= William Forde Thompson =

William Forde "Bill" Thompson is an academic who has worked in Canada, Sweden and Australia. He is an Emeritus Professor at Macquarie University in Sydney, Australia, where he was Distinguished Professor of Psychology (2017- ) and Chair of the Department between 2009 and 2013. He currently works at Bond University, Queensland, Australia, and previously held positions at University of Toronto and York University in Toronto. His research focuses on music, emotion, expertise, and performance.

From 2007 to 2009, he was president of the Society for Music Perception and Cognition. In 2024 he was presented with a Lifetime achievement award from the Society for Music Perception and Cognition, during the society meeting in Banff, Canada. He was an associate editor at Music Perception, former editor of Empirical Musicology Review (2008–2010), and chief investigator of the ARC Centre of Excellence in Cognition and its Disorders. He is a fellow of the Association for Psychological Science.
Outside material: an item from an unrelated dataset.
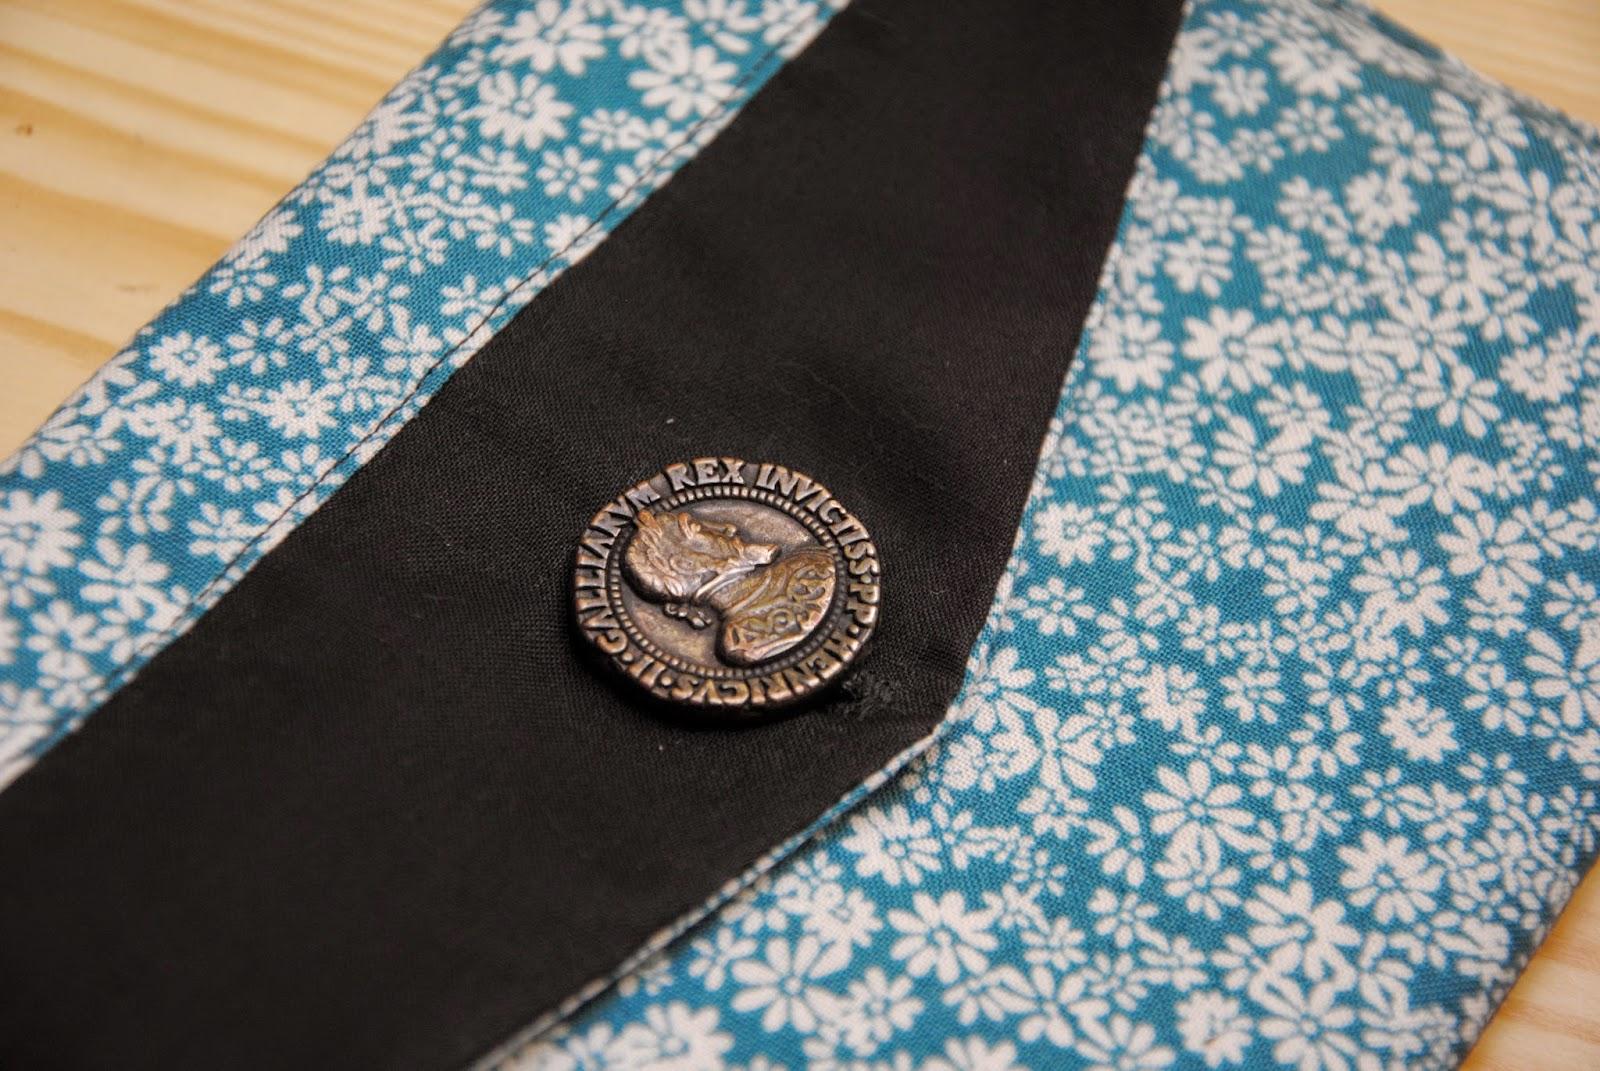 DIY pochette couture

Born in Middletown, Connecticut, US, Thompson holds a BSc in psychology from McGill University (Montreal, Canada) and an MA and PhD in psychology from Queen's University (Kingston, Canada). He is the author of Music, Thought, and Feeling: Understanding the Psychology of Music, Oxford University Press [US], 2009 (1st edition), 2014 (2nd edition), editor for the Encyclopedia of Music in the Social and Behavioral Sciences published by Sage Press in 2014, and co-editor of The Science and Psychology of Music: From Beethoven at the Office to Beyonce at the Gym, published by Greenwood in 2021.

In addition to his academic work, Thompson has composed and performed music for a number of films and plays, including several by his sister, Canadian playwright Judith Thompson. He is the grandson of former Australian prime minister Frank Forde. He is married to Dr. Pat Diamond, formerly Professor of Education at the Ontario Institute for Studies in Education, University of Toronto.